Clothing, Identity and the Case of the ‘Genderless’ Baby
As much as clothing serves as a means of identification, it is equally useful as a way to conceal, or at the very least render ambiguous one’s identity, which illustrates just how deep-seated our sartorial markers of class, gender, and identity are, and that, in spite of the changes fashion has undergone throughout the decades. Certain colors, and specific garments strongly suggest sex and gender identity as much as others’ point to class and group affiliations. For instance, somewhere down the road, pink has come to symbolize the female sex while blue is strictly reserved for boys. The story of Storm, the 4-month old Canadian baby whose parents have chosen to keep his/her sex hidden – “a tribute to freedom and choice in place of limitation, a stand up to what the world could become in Storm’s lifetime (a more progressive place? …)”, explain the parents – has sparked a heated debate on gender identity and conformity; inadvertently illustrating how the way we dress shapes public perception.

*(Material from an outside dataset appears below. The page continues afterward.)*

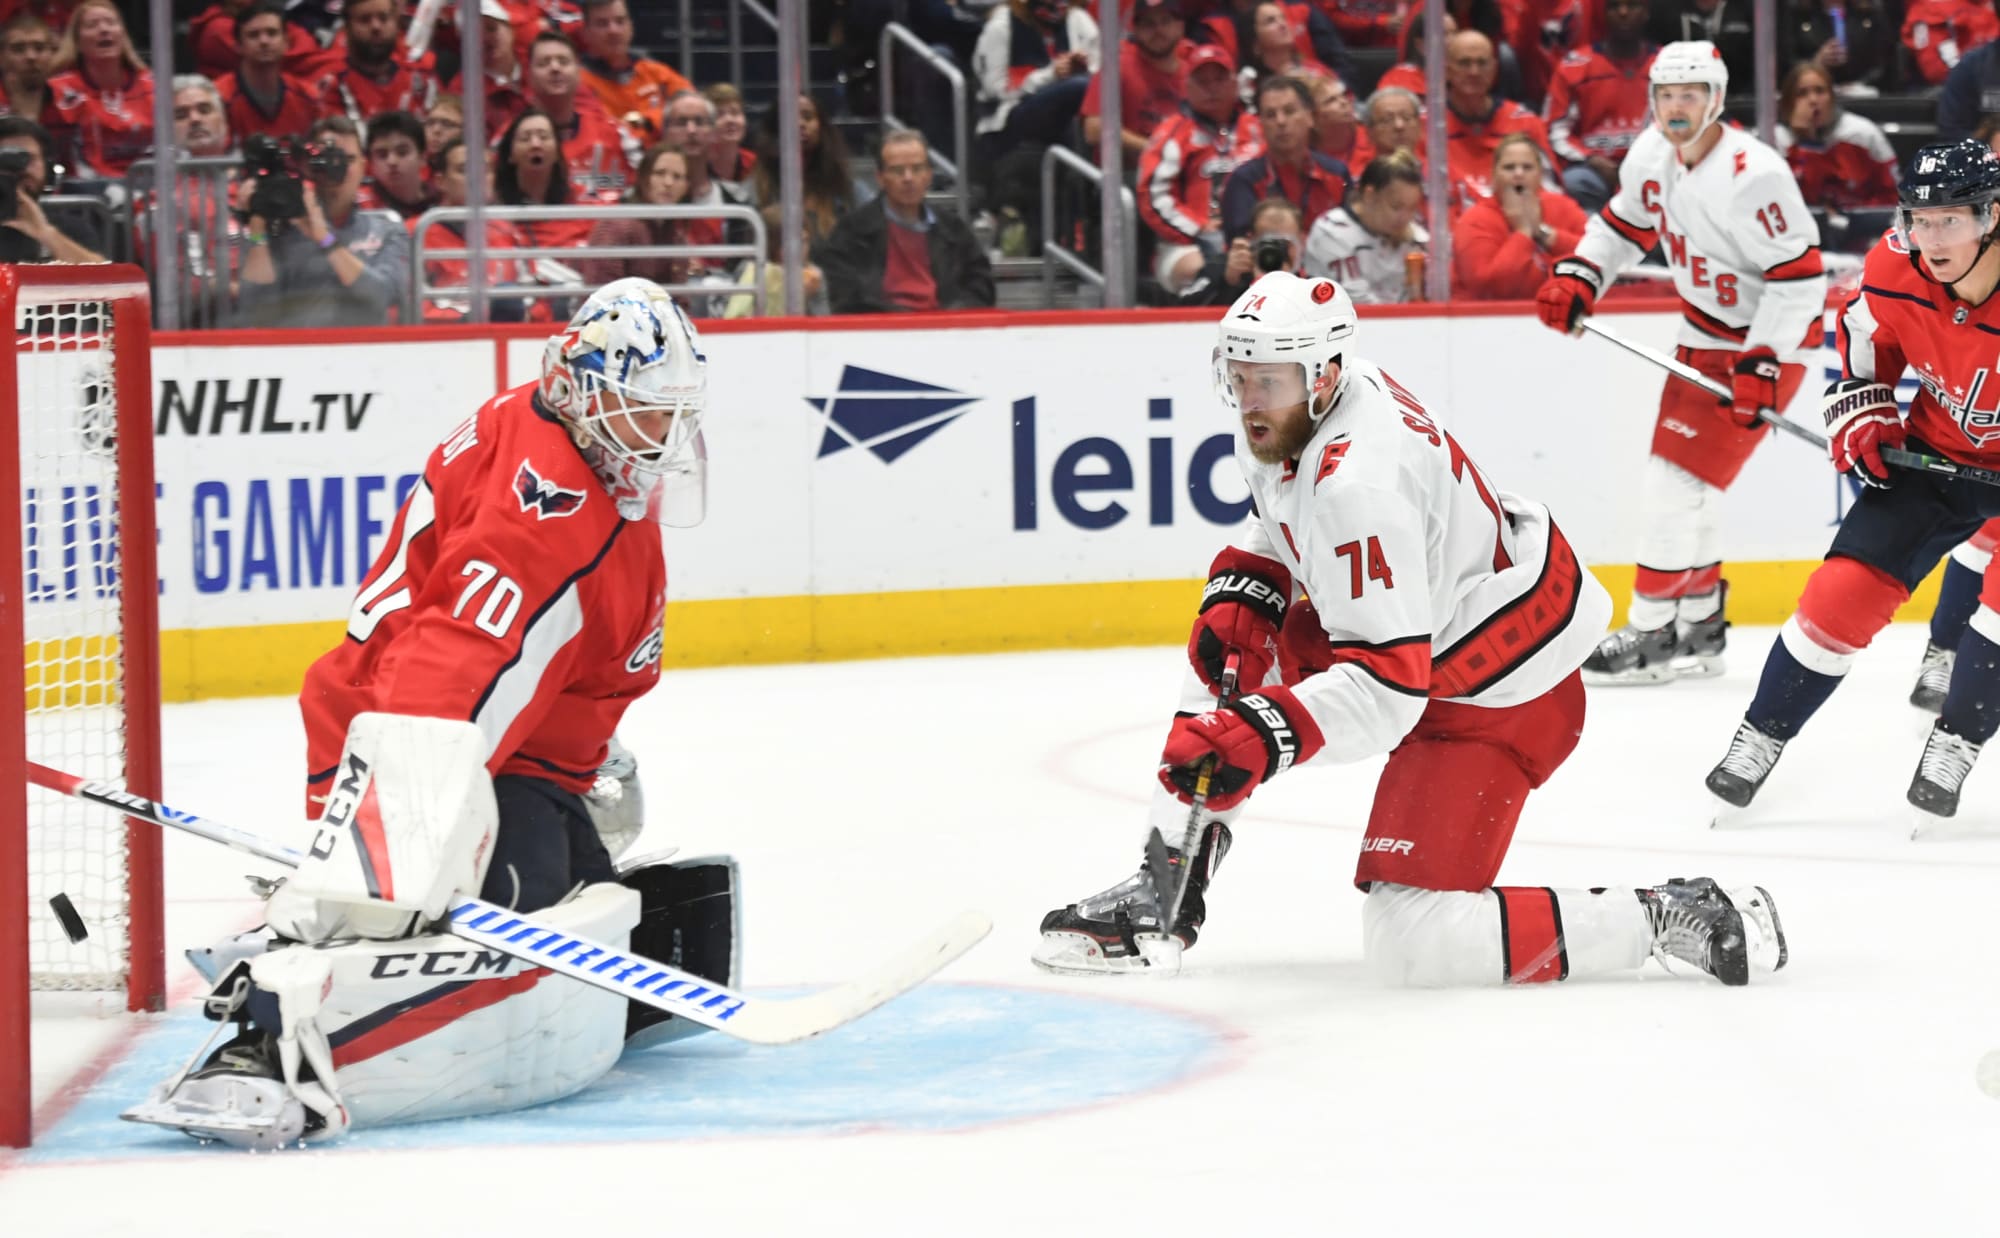 Capitals vs Hurricanes Date, Time, Streaming and More
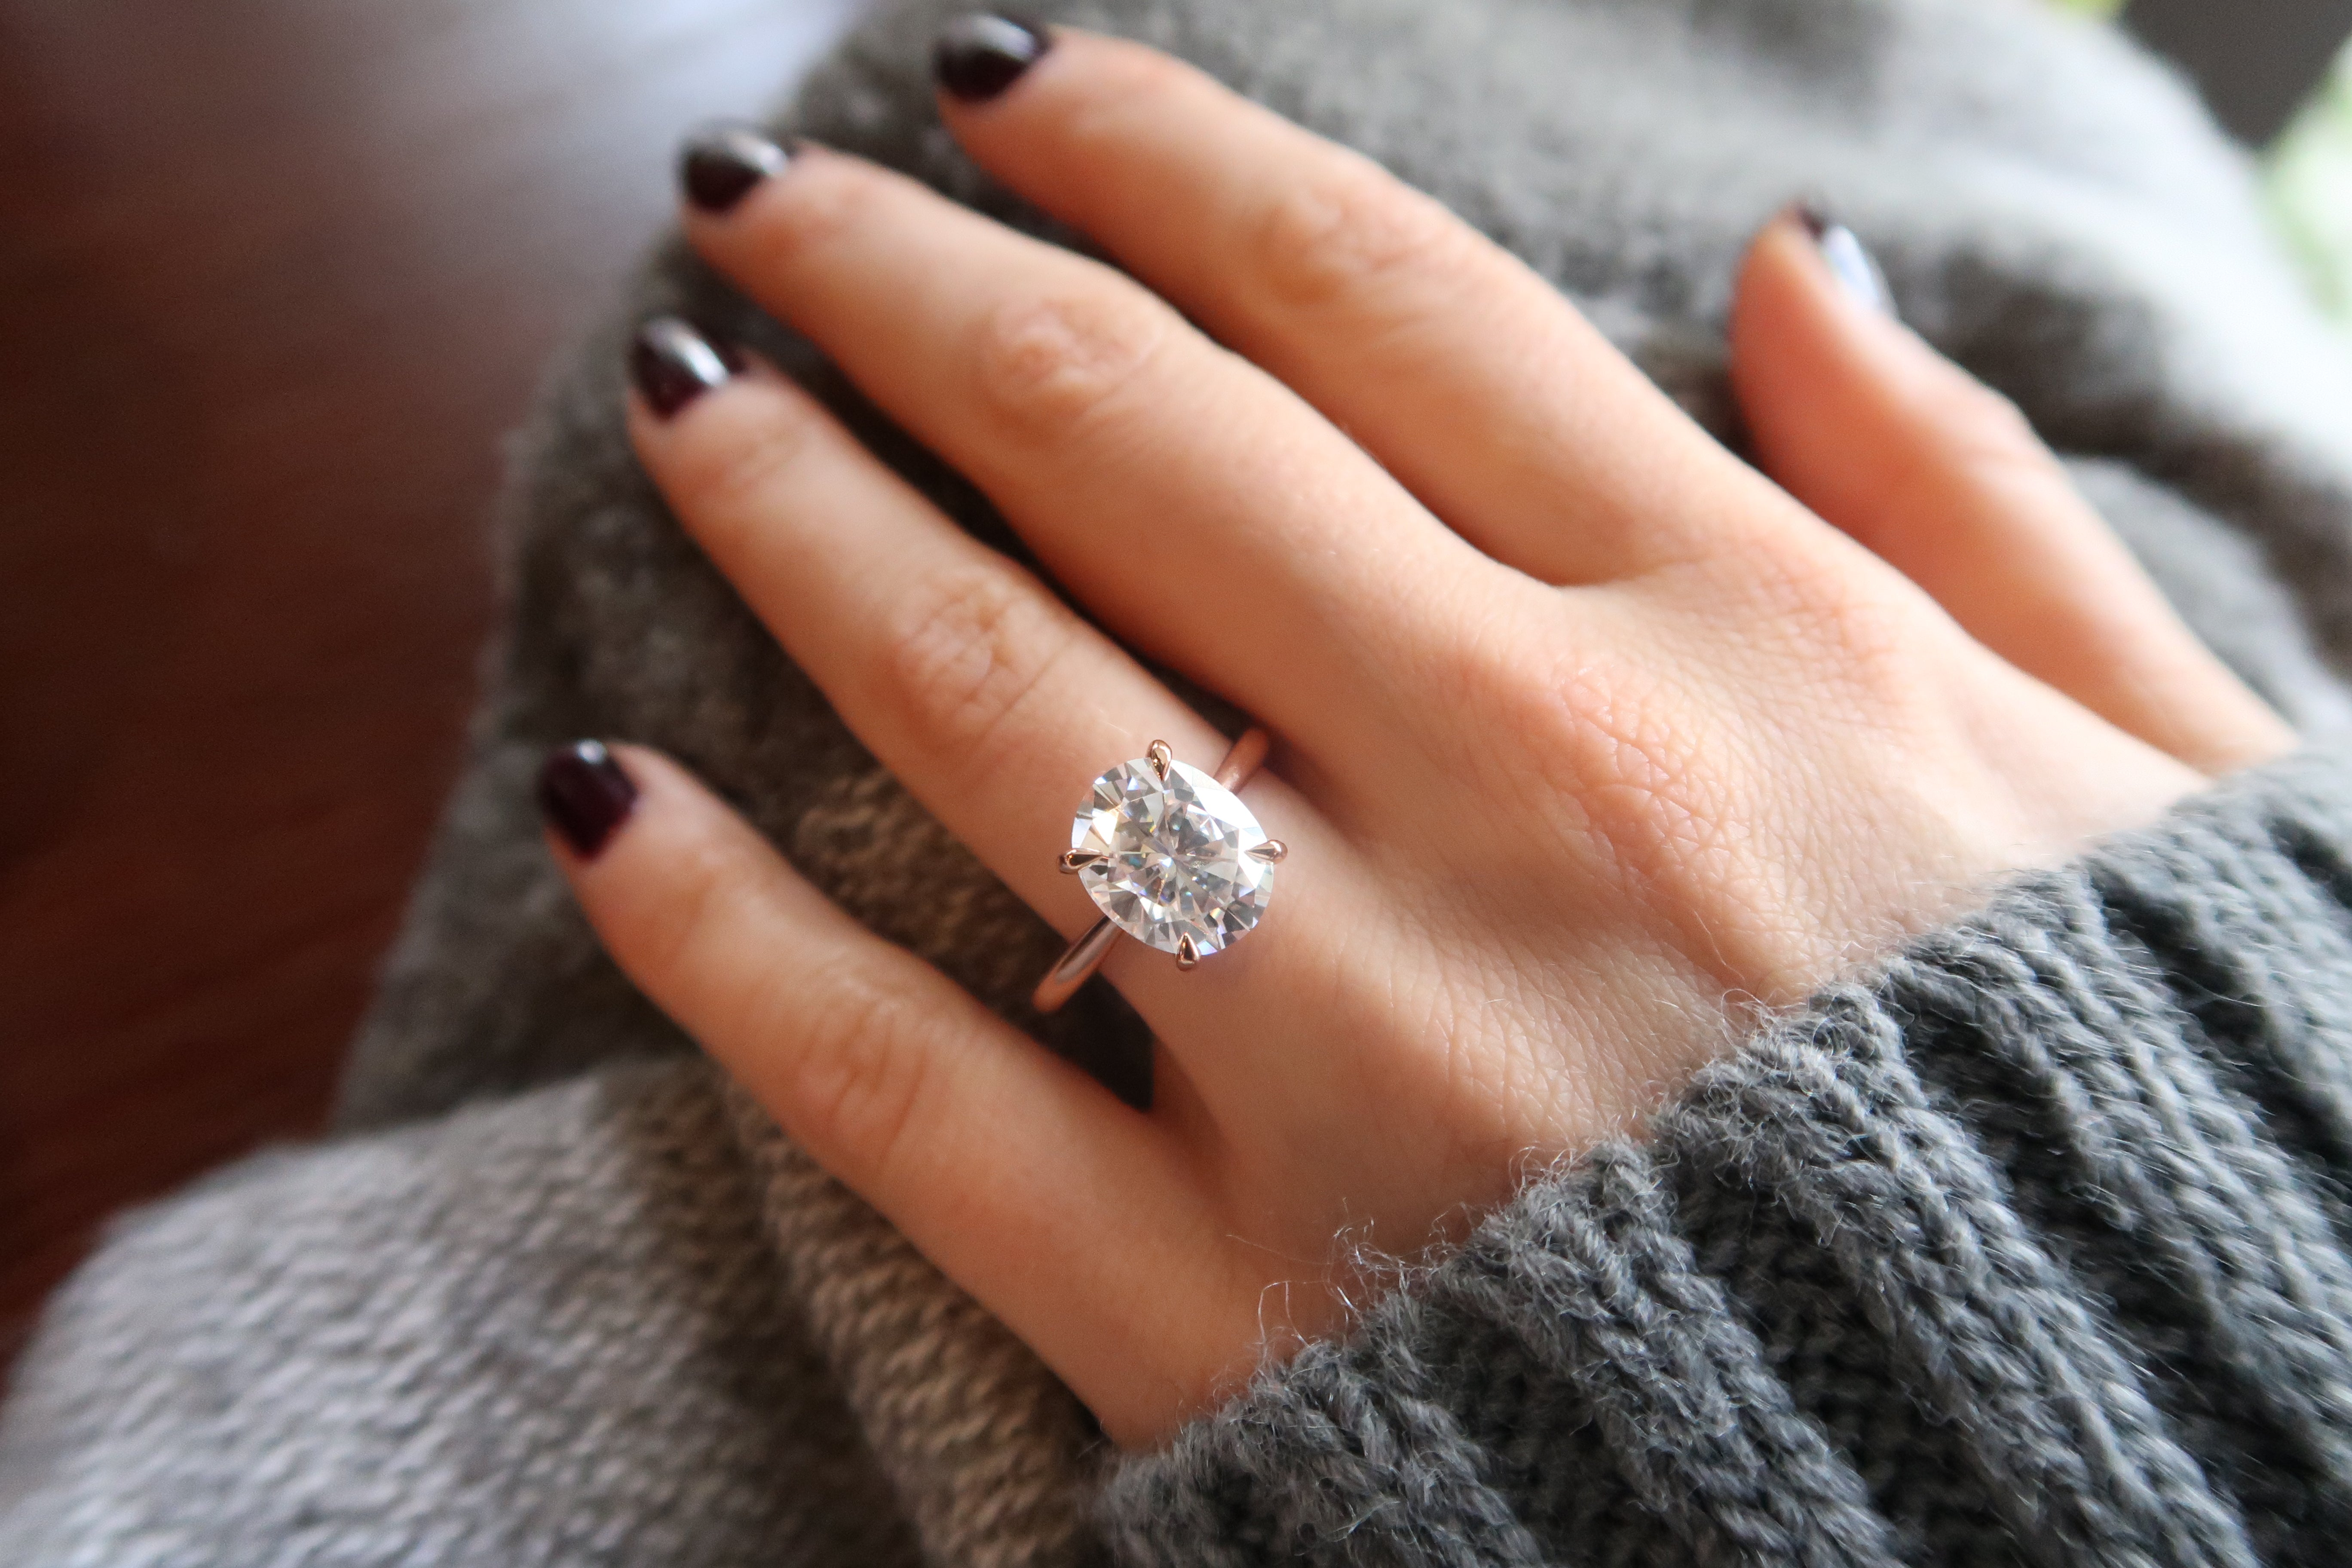 Is there a downside to Moissanite?

Interestingly, keeping Storm’s sex a secret is simple enough as parents Kathy Witterick and David Stocker have demonstrated. Avoiding pink, fuchsia, and blue, they have instead opted to dress the 4 month-old in gender-neutral clothing, like a red-fleece jumper which contrasts so beautifully against Storm’s flaxen hair in the above picture. Without any clear sartorial cues, we are left wondering, since attempting to guess a baby’s sex based on the assumption that a name refers to one sex or the other – which this parent who also withheld the sex of his two children in the 90s calls “the flimsiest of evidence”- is no substitute for the strong sartorial markers that have come to shape our concept of gender. Aside from illustrating our apparent obsessive need to classify individuals according to predefined social constructs, or perhaps our far too conventional views on parenting, Baby Storm’s story also exemplifies how wardrobe can serve to either promote or eschew these same social constructs simply by virtue of how it is utilized.